As previously reported by The Daily Beast, Kamala Harris got hundreds of black men imprisoned past their released date so she could exploit them for $2 a day of cheap state labor.
Despite this troubling record, many legacy media outlets have chosen to ignore it completely.
Jackie Kucinich wrote about how Harris’ attorney general office kept inmates behind bars after their potential release date so they could be used as free laborers for California’s wildfire efforts.

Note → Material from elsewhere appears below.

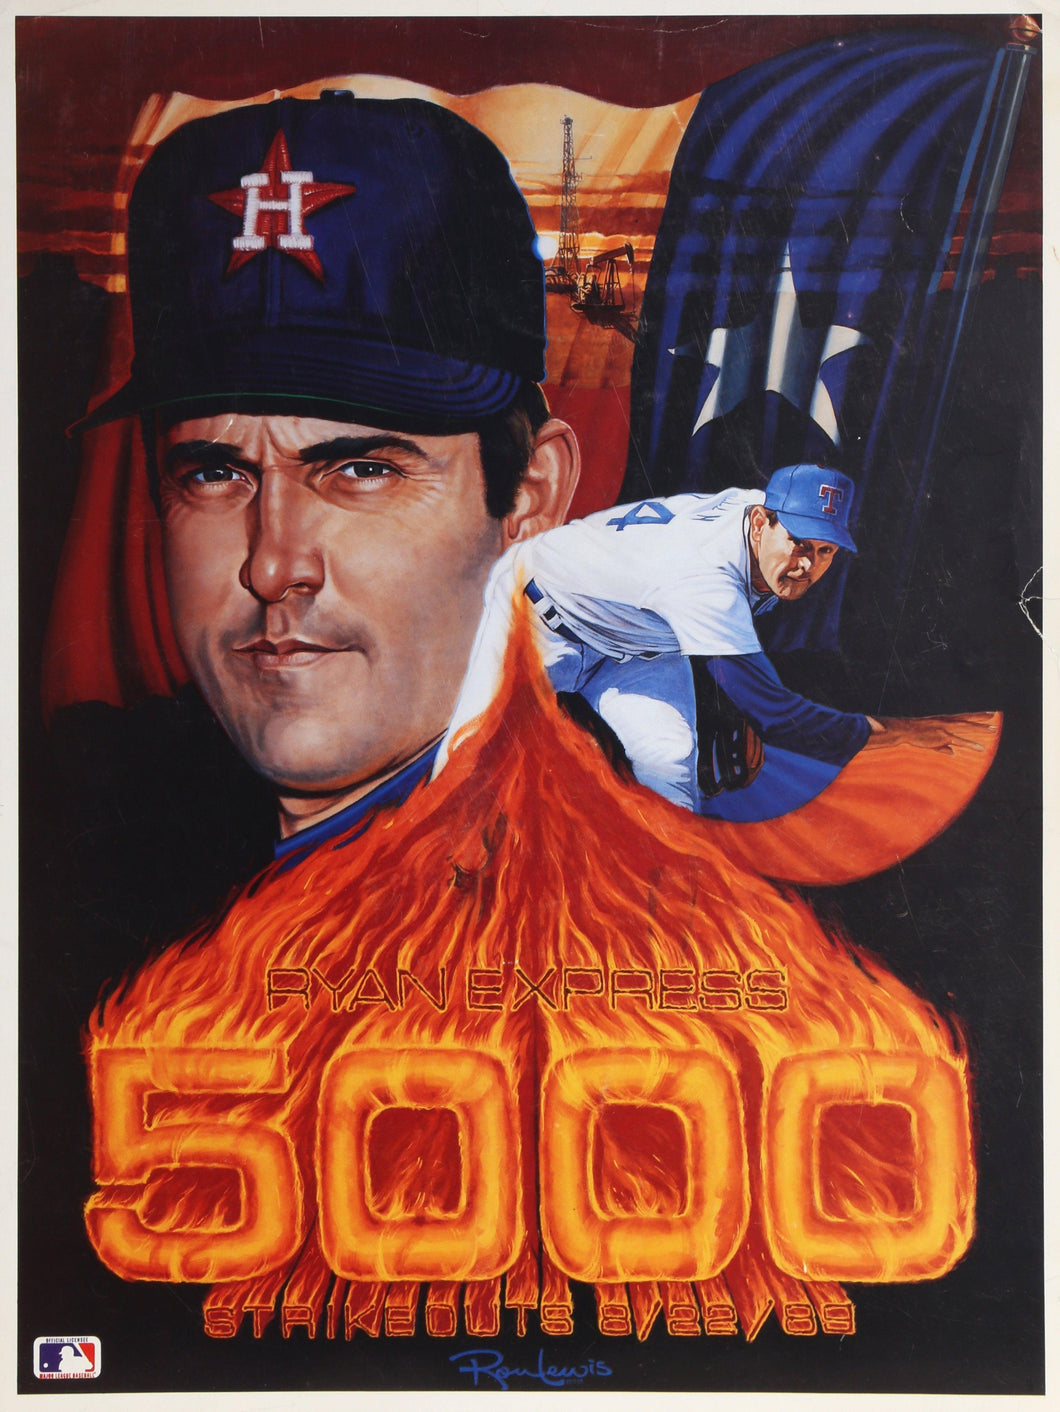 Nolan Ryan 5000 Strikeouts Poster | Ron Lewis,{{product.type}}
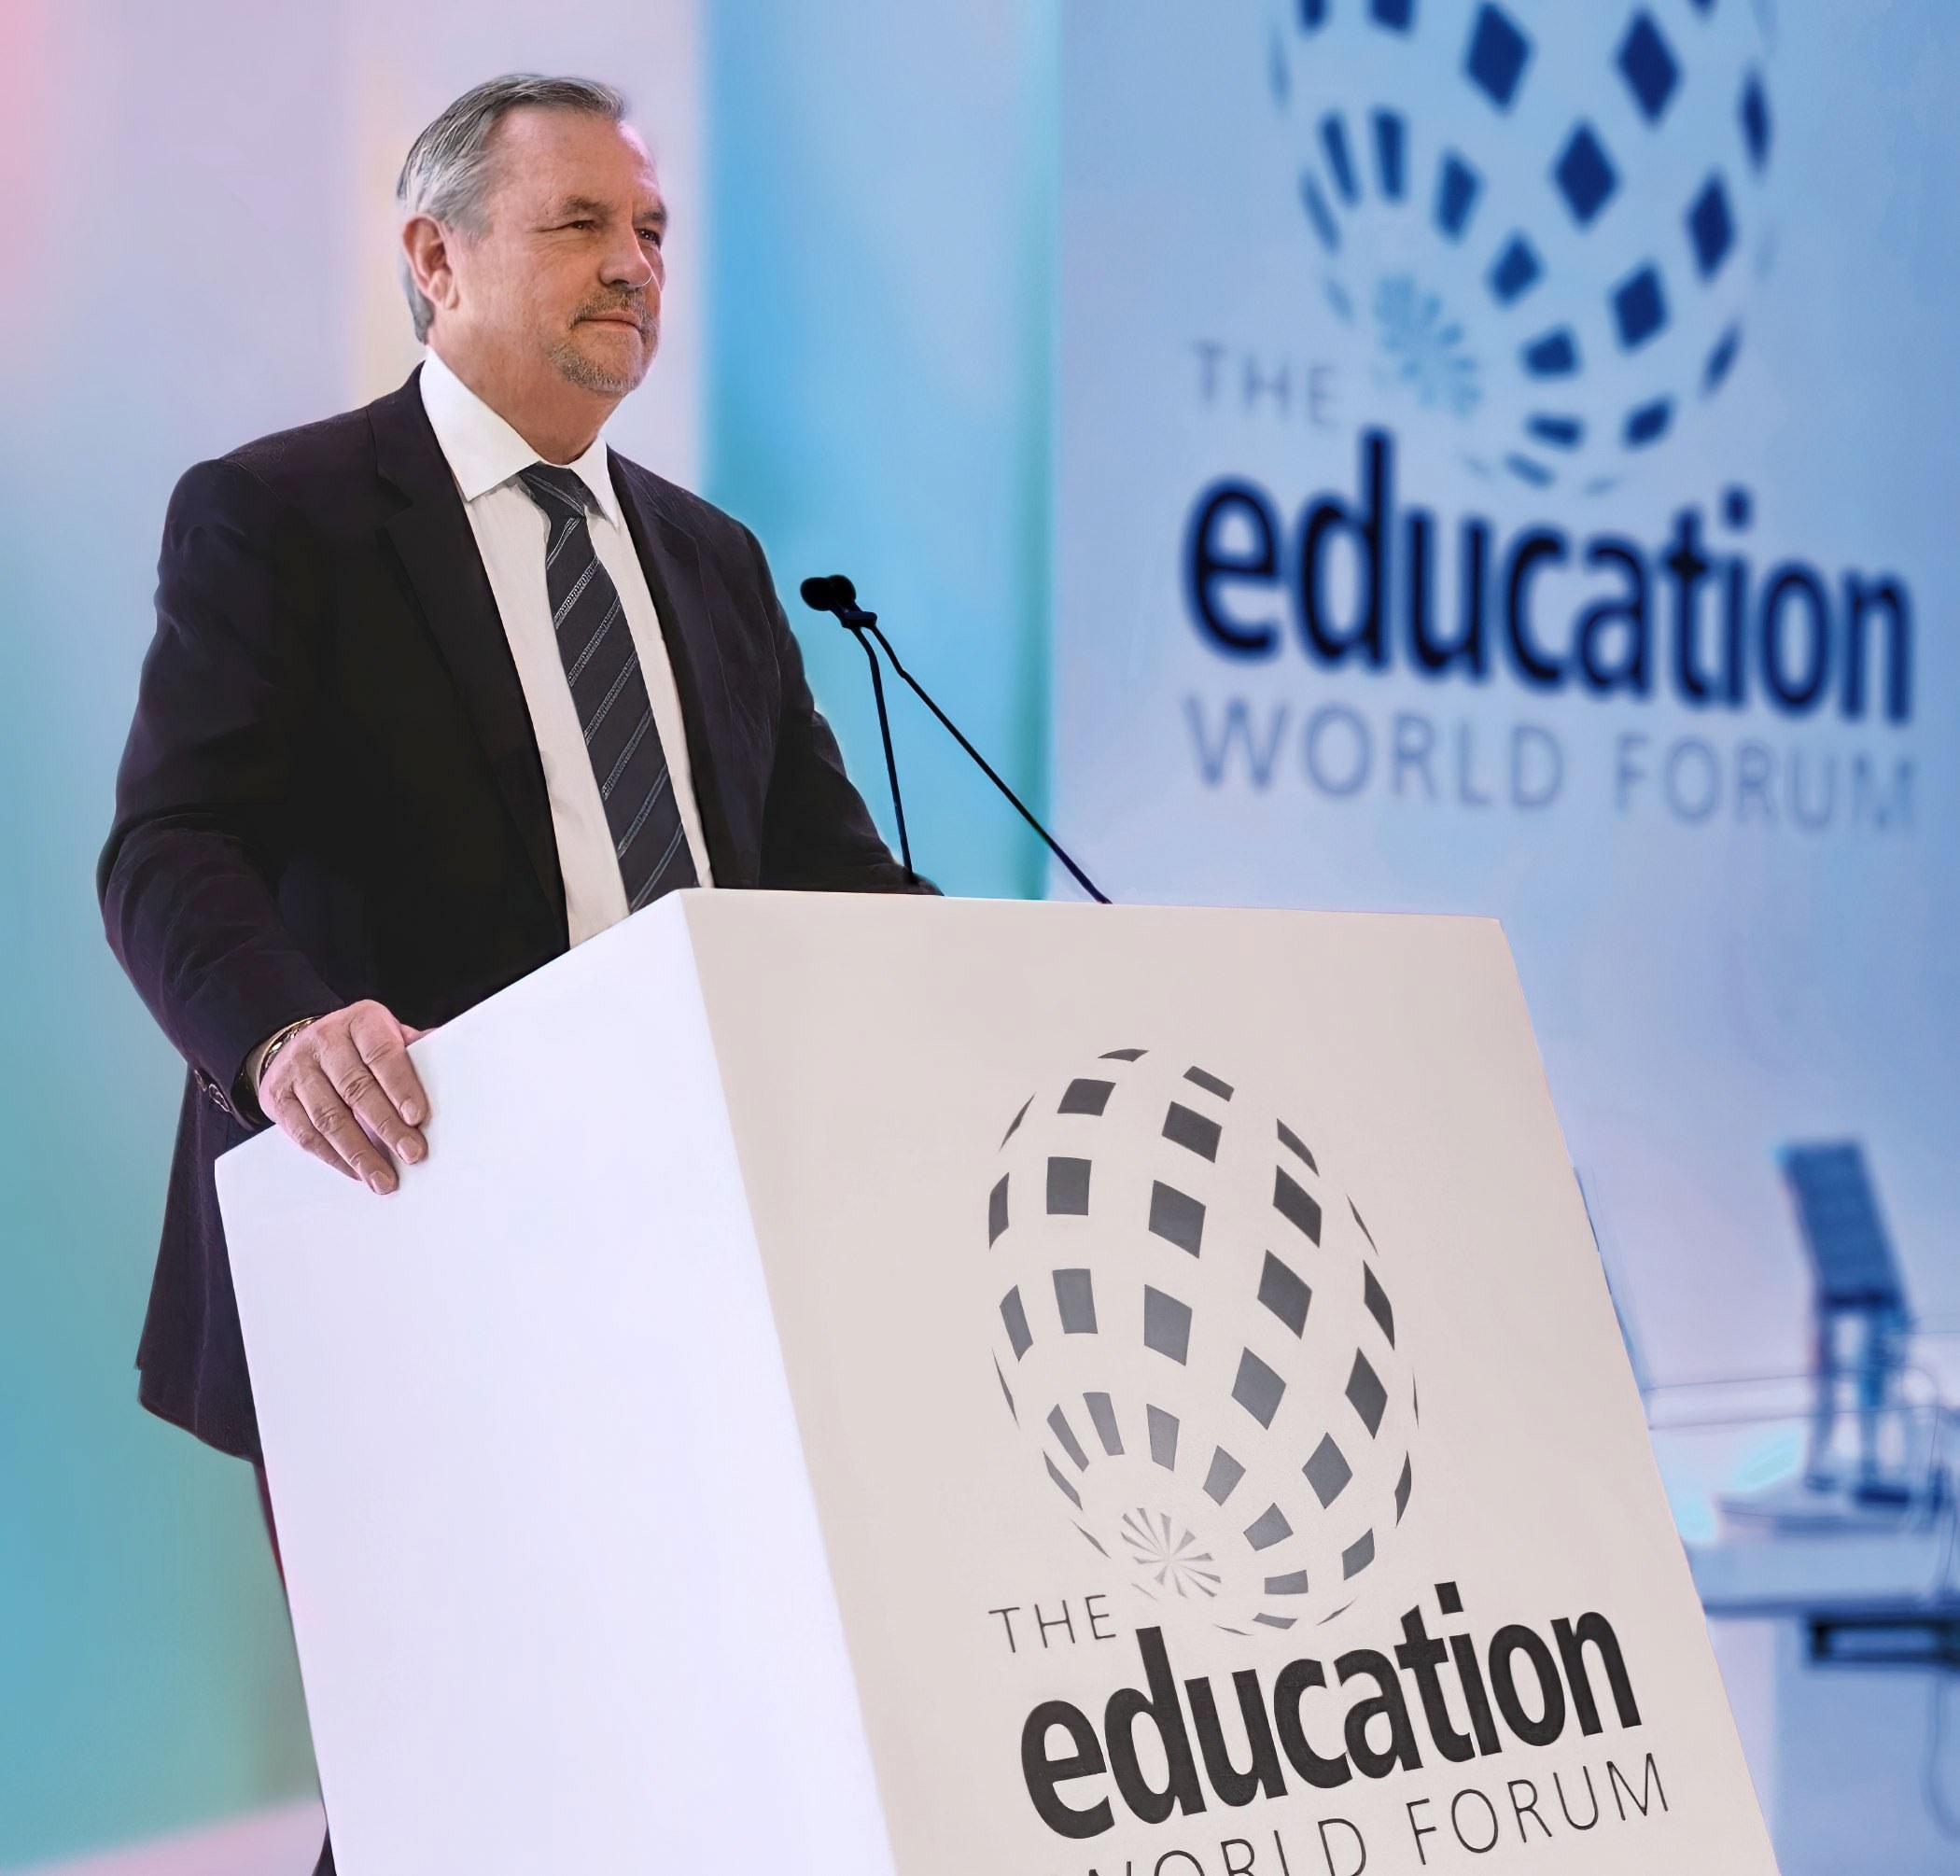 Doug Dohring speaking at Education World Forum

This highly unethical practice resembles something out of slavery times which should serve as an eye-opening lesson for us all moving forward.
Moreover, Kamala also locked up 1,500 people simply for marijuana violations which shows just how severe her attitude towards criminality truly is.
The Supreme Court ruled in Brown v Plata that California’s prisons were far too overcrowded and thus violated the Constitution’s prohibition against cruel and unusual punishment back in 2011.
Three years later plaintiffs accused California of slow-walking the process while lawyers from Harris’ office countered that allowing certain non-violent offenders out would affect its own labor programs including using prisoners to help fight wildfires – something which didn’t sit well with many people across America either morally or ethically speaking.
However, despite this important ruling being made back then, Kamala has yet to take responsibility or account for this incident until now while still lecturing on reforming prisons – something she appears not ready nor willing to do herself without being forced into doing so first.